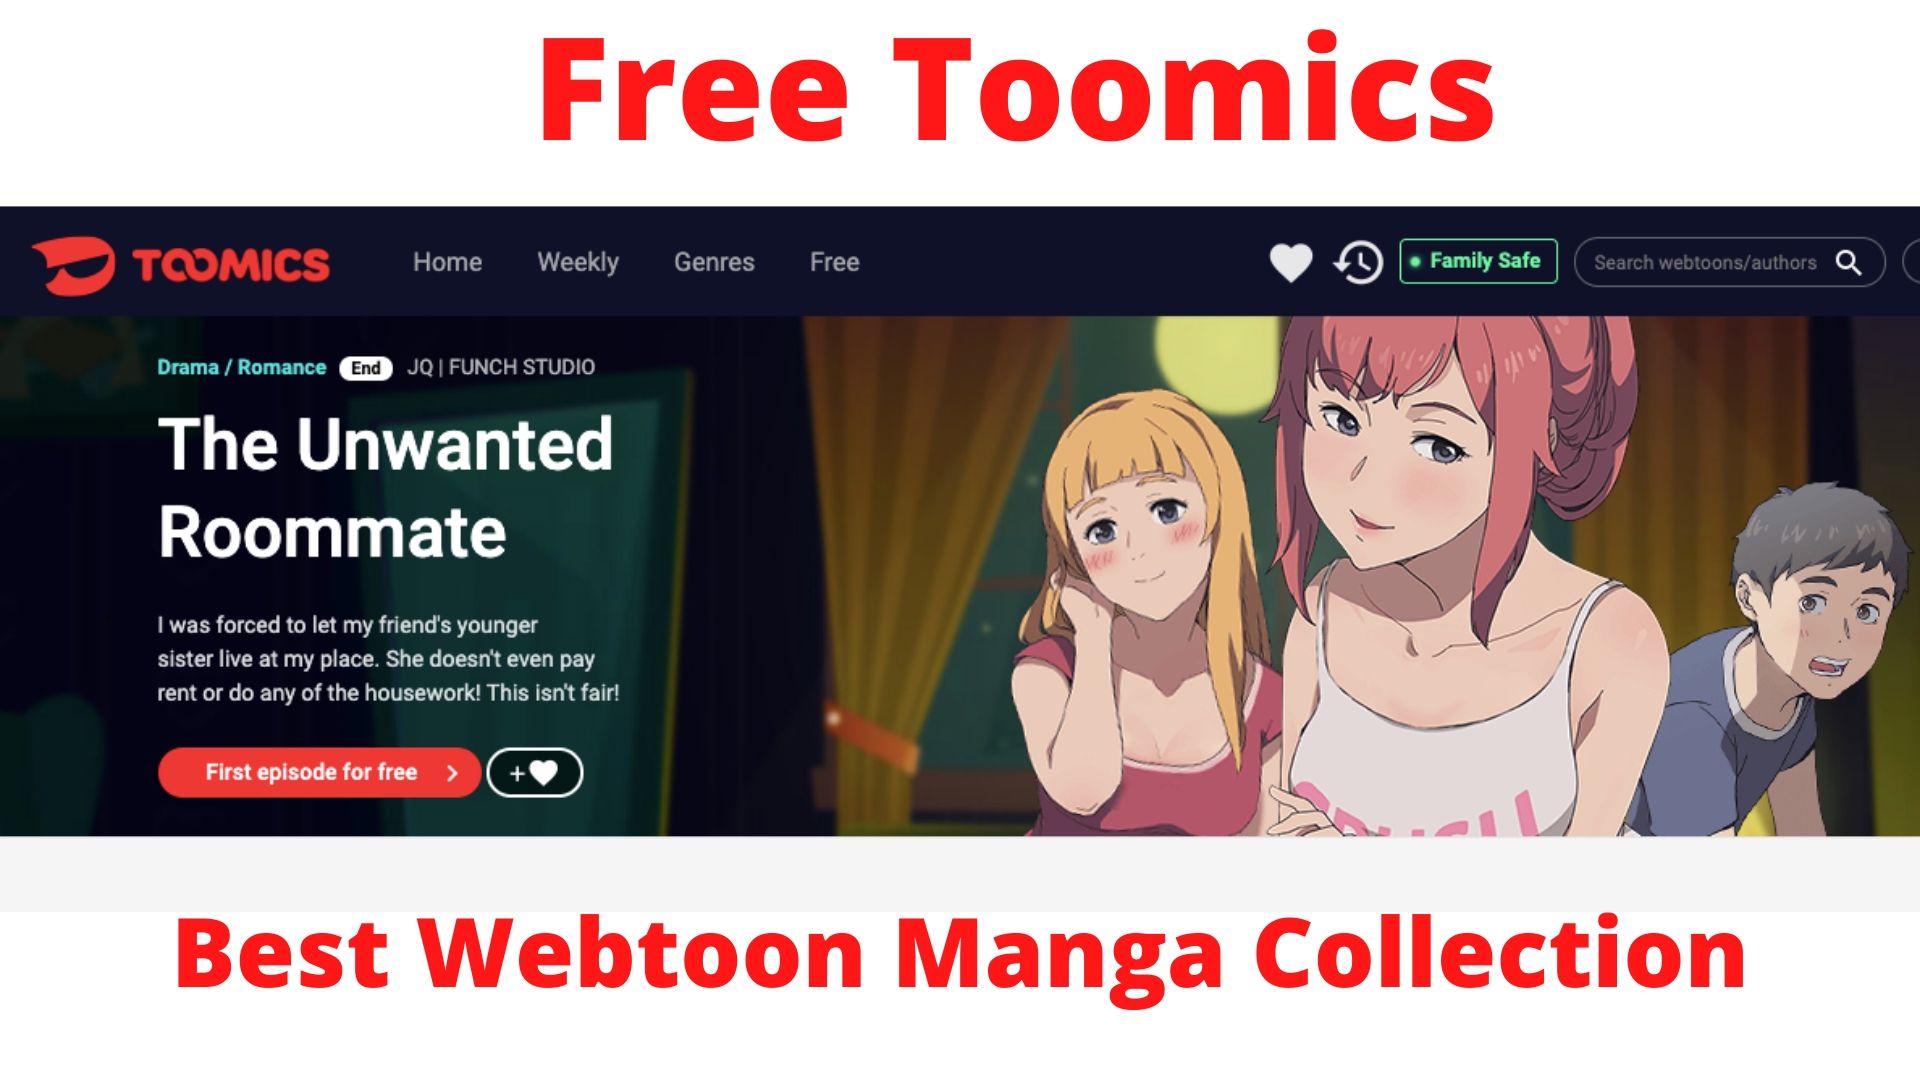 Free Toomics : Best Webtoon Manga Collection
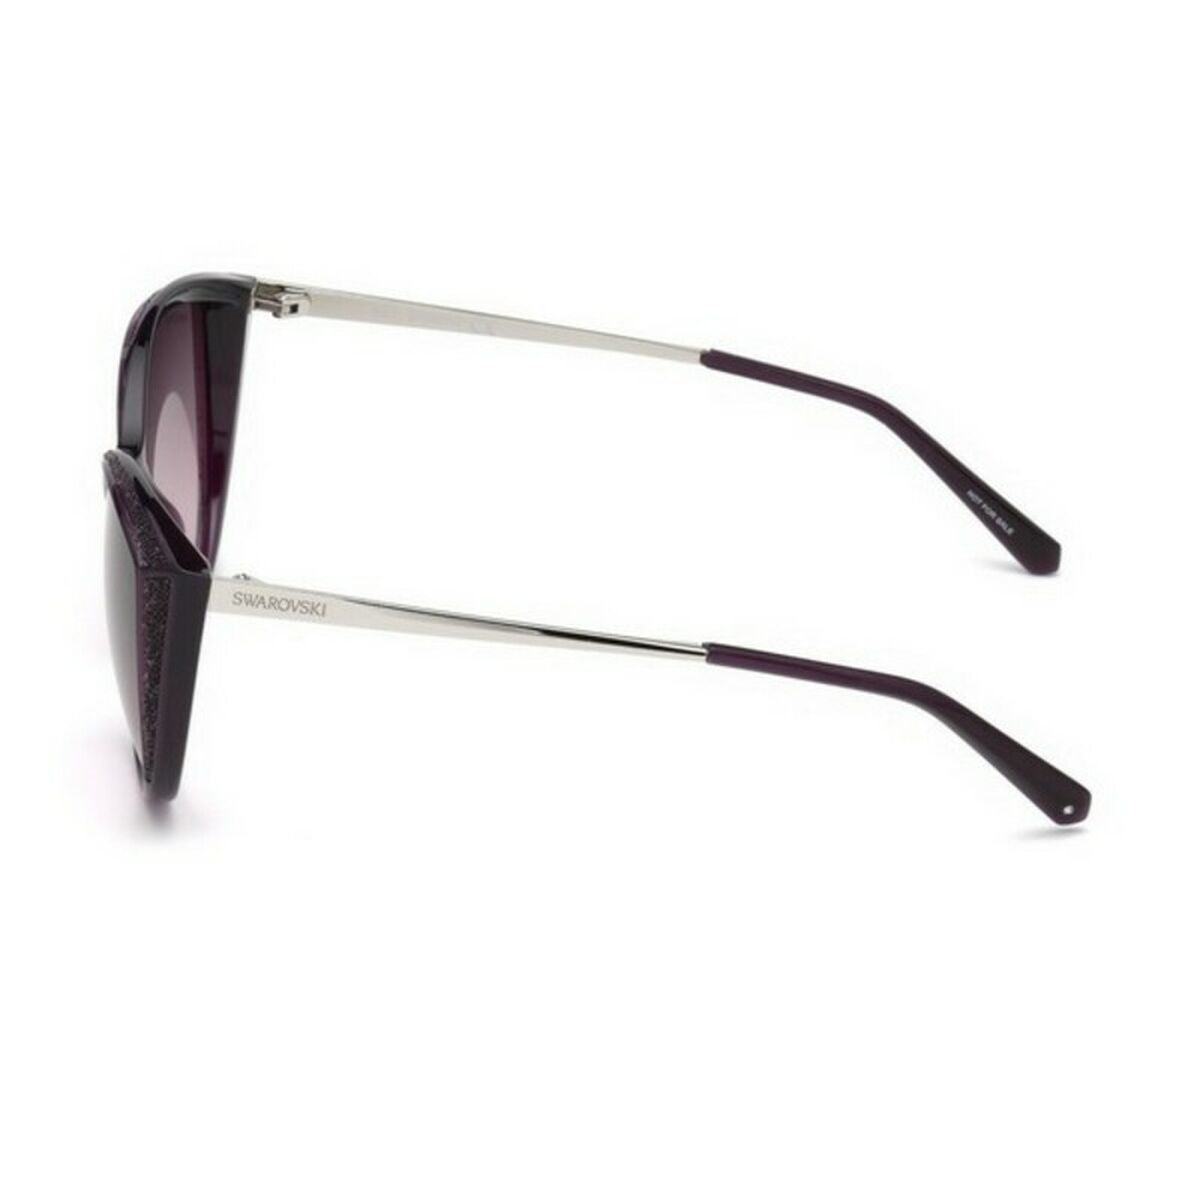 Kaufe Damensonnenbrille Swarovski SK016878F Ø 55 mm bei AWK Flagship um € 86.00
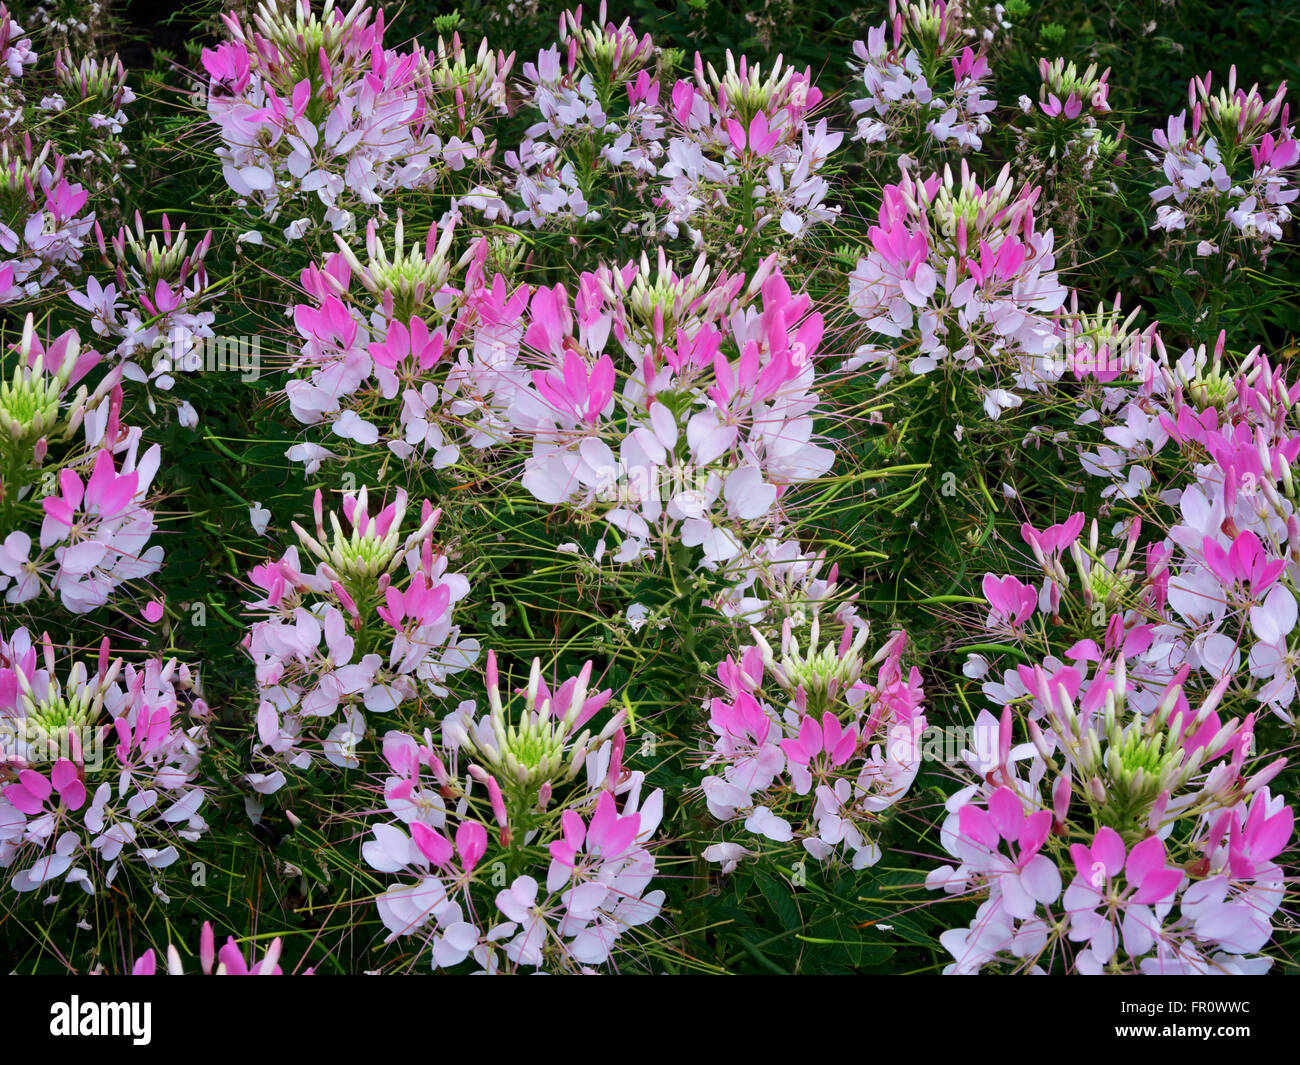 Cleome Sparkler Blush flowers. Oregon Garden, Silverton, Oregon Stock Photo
+++
What is expected:
If the listing above includes images, copy every line of it exactly except those images.

Result for this task:
 Free Toomics : Best Webtoon Manga Collection
 Kaufe Damensonnenbrille Swarovski SK016878F Ø 55 mm bei AWK Flagship um € 86.00
 Cleome Sparkler Blush flowers. Oregon Garden, Silverton, Oregon Stock Photo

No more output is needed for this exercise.